■ **WORK ITEM**
Write out the listing exactly, dropping any picture it contains.

■ **PROVIDED MATERIAL**
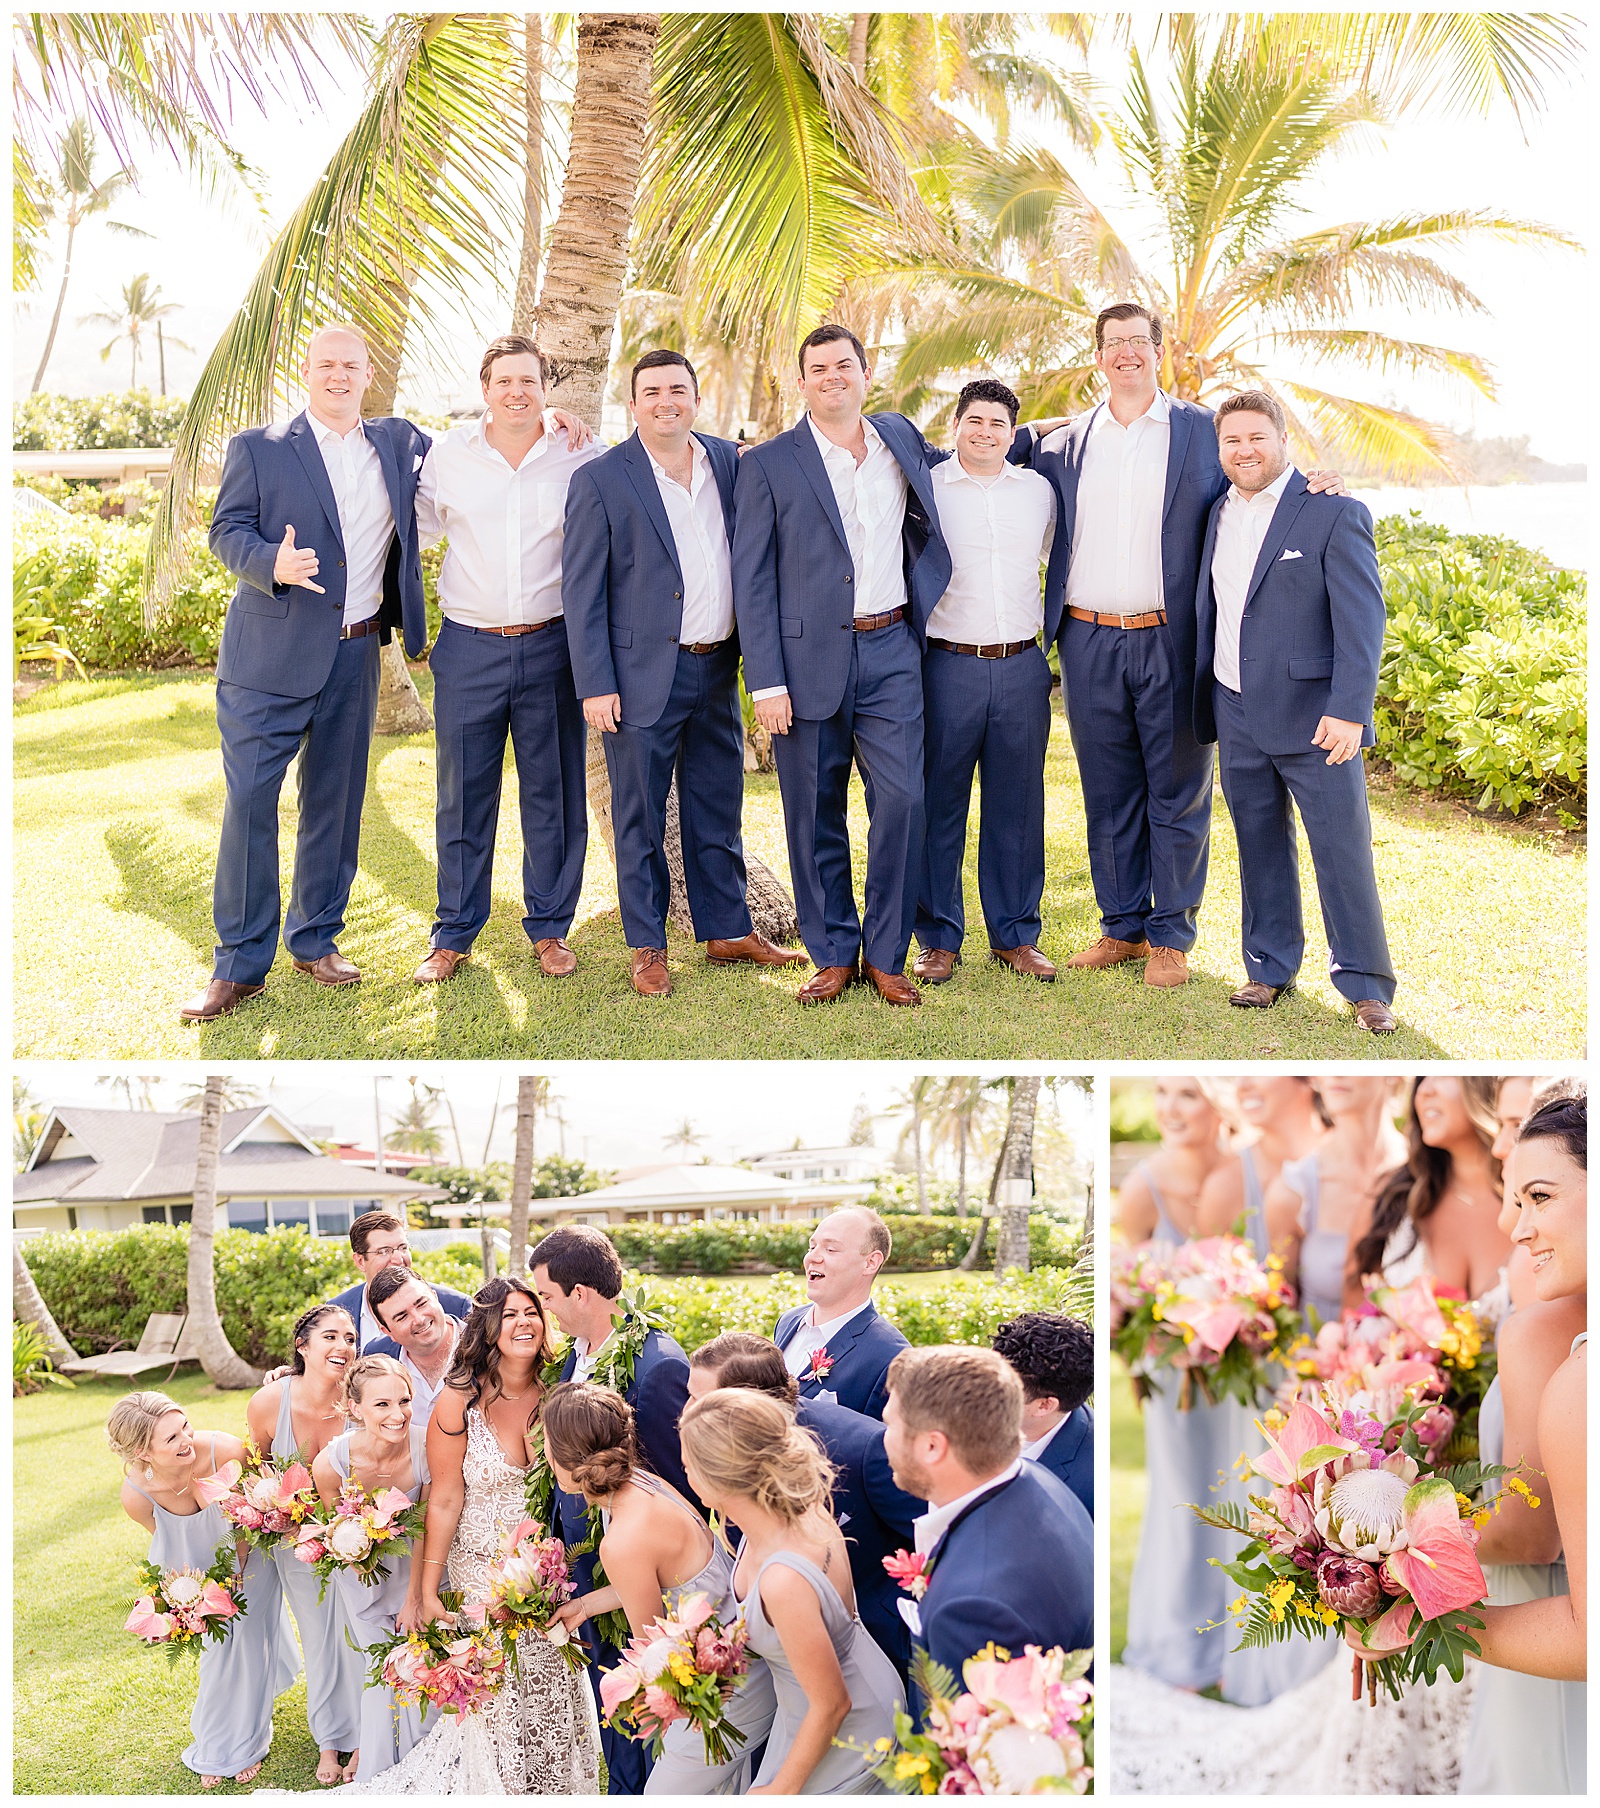 Wedding party laughing together Oahu wedding day
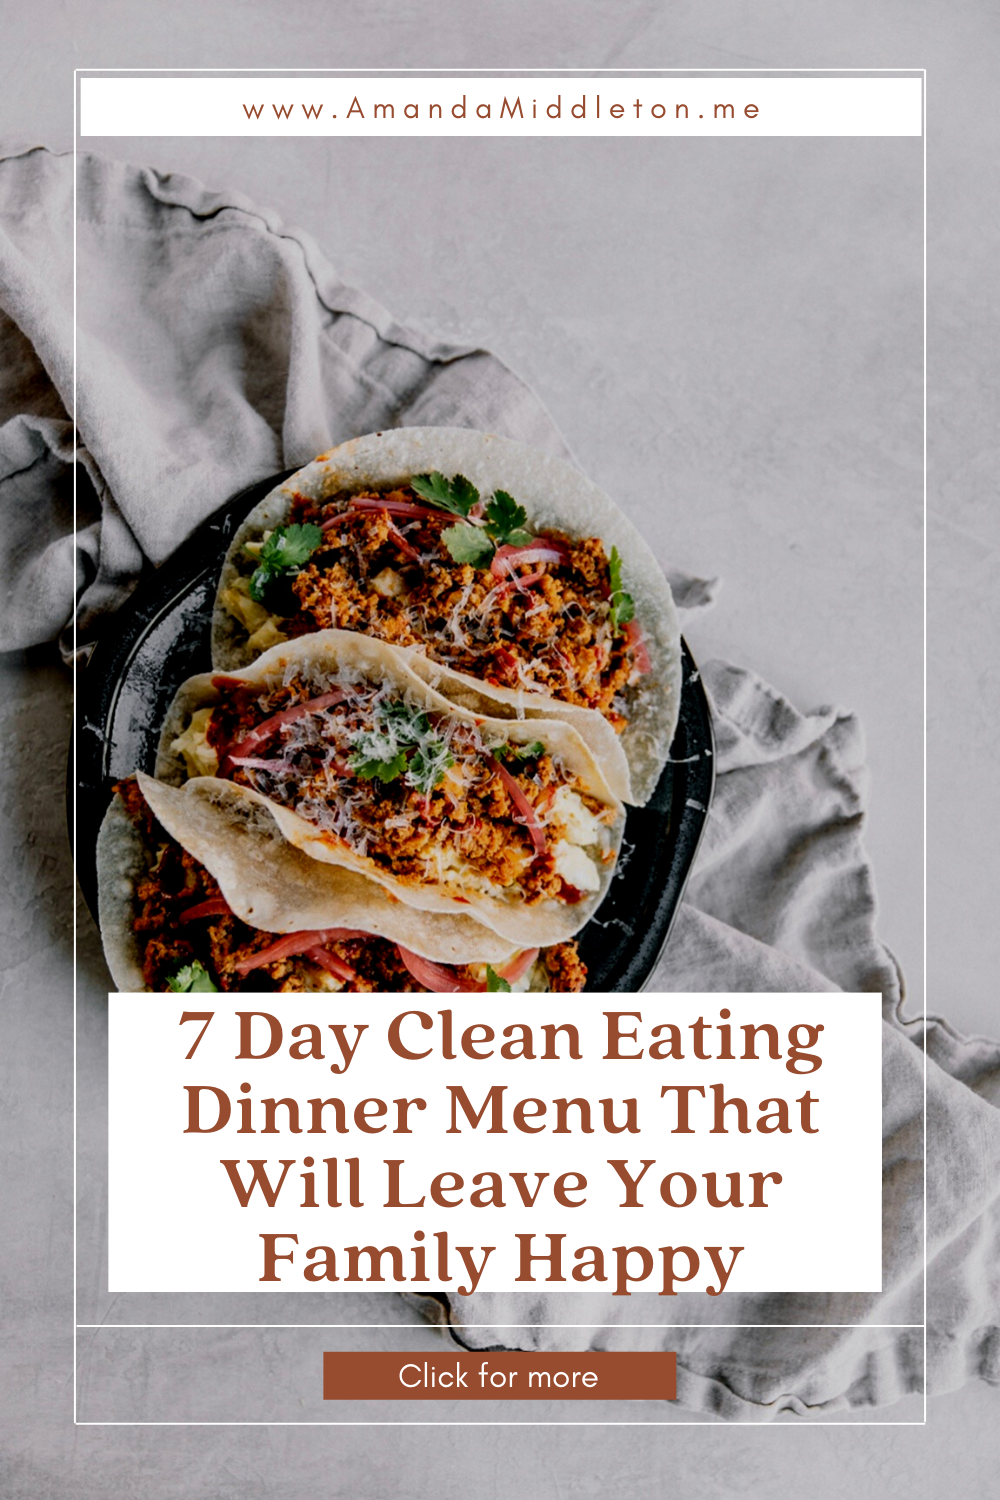 7 Day Clean Eating Dinner Menu That Will Leave Your Family Happy
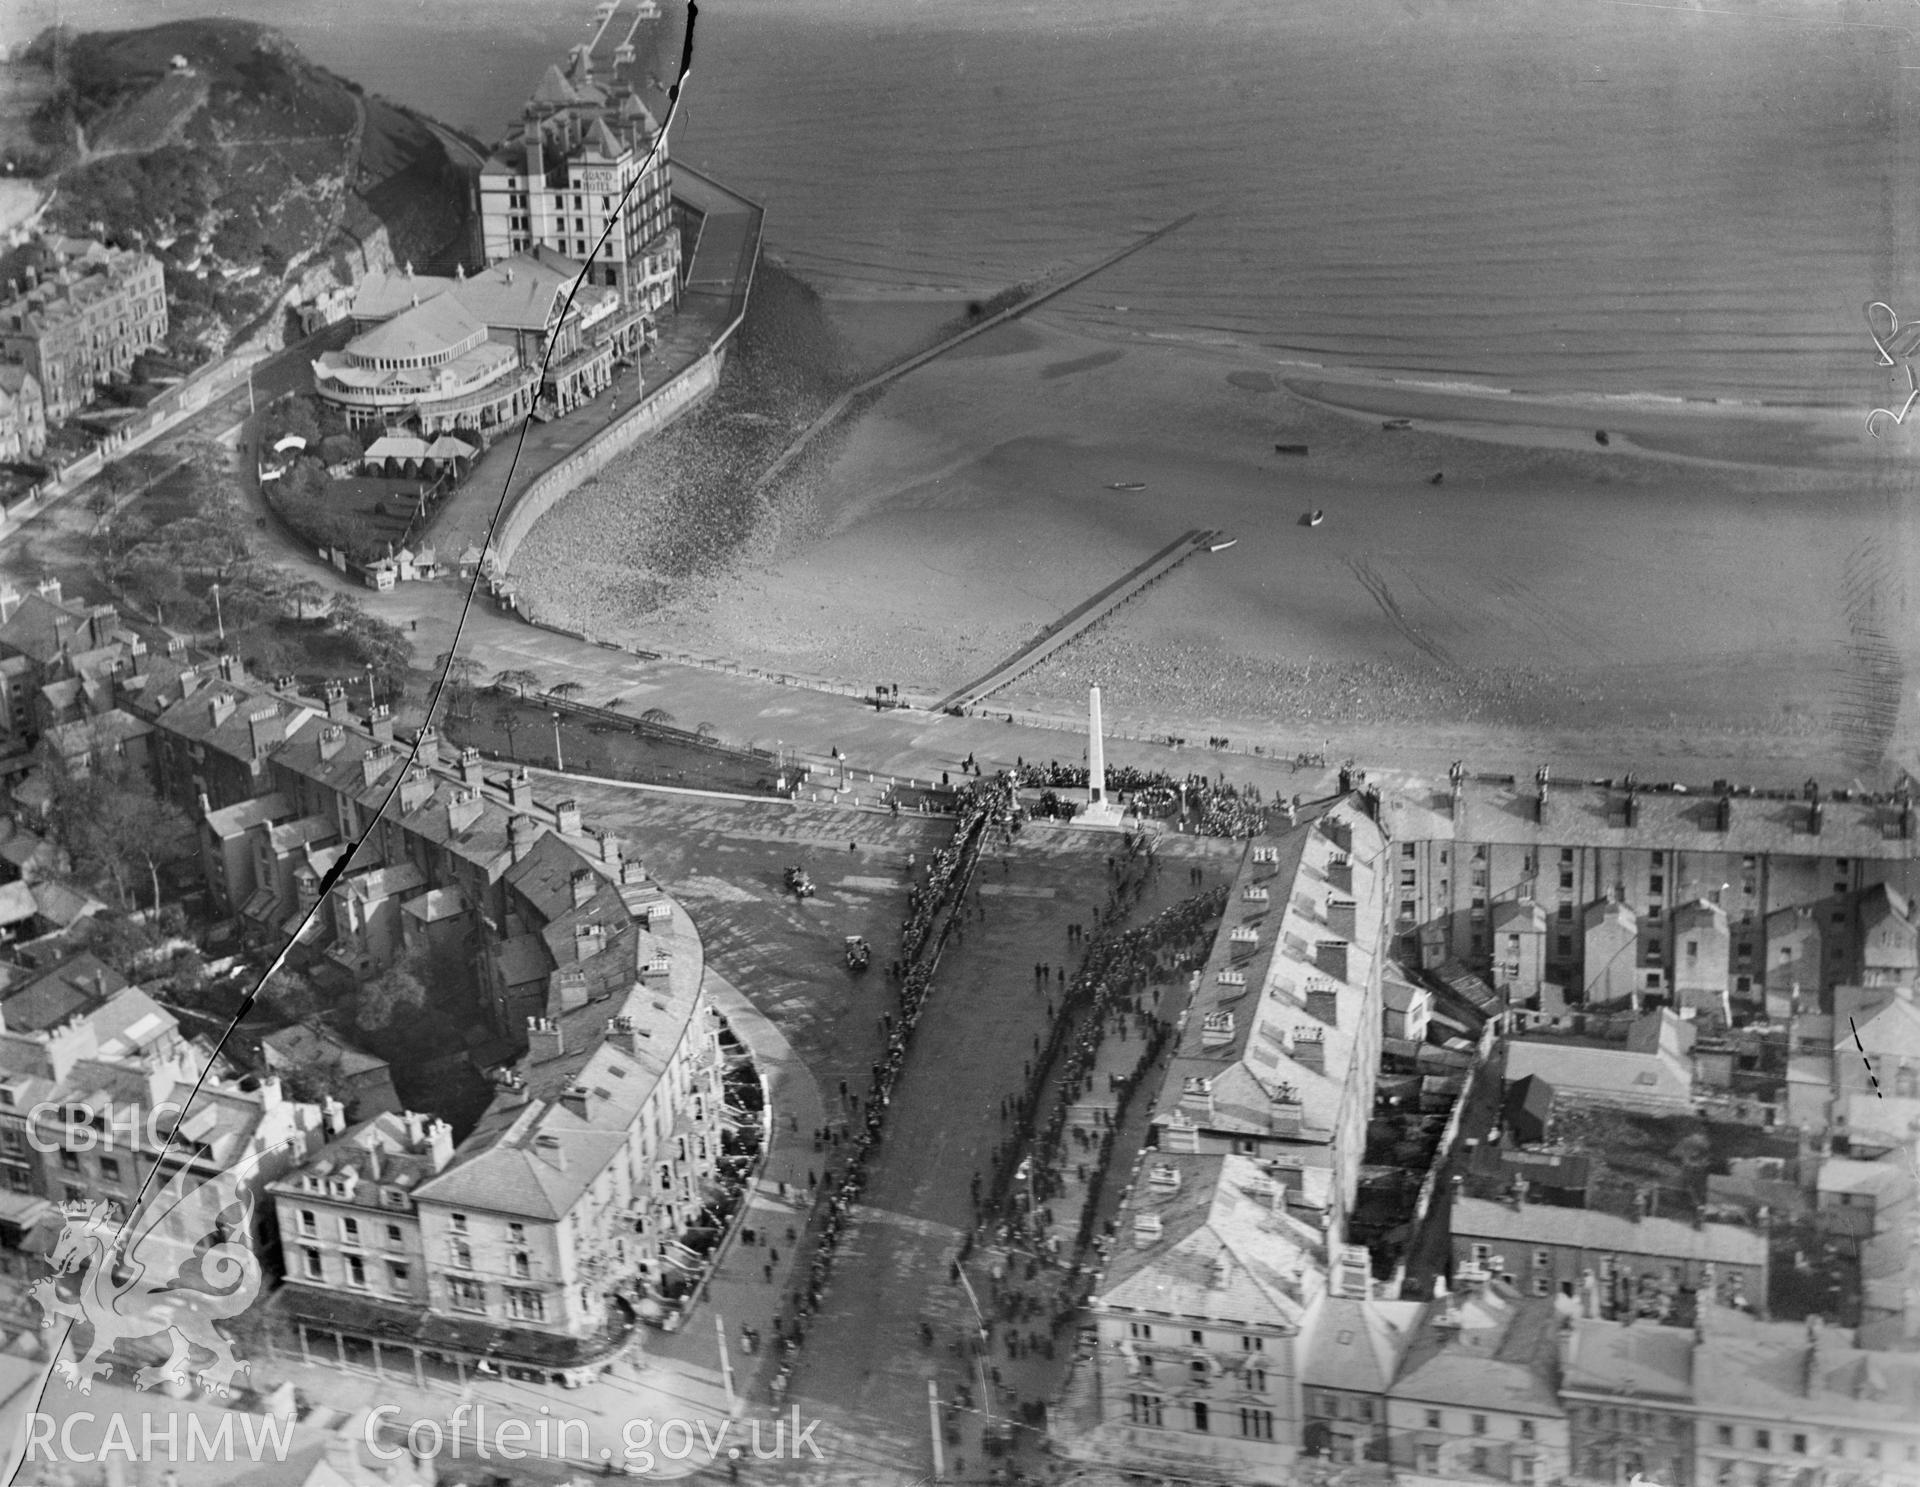 Prince Edward Square, Llandudno, showing the Cenotaph war memorial during ceremony, oblique aerial view. 5?x4? black and white glass plate negative.

■ **YOUR SOLUTION**
 Wedding party laughing together Oahu wedding day
 7 Day Clean Eating Dinner Menu That Will Leave Your Family Happy
 Prince Edward Square, Llandudno, showing the Cenotaph war memorial during ceremony, oblique aerial view. 5?x4? black and white glass plate negative.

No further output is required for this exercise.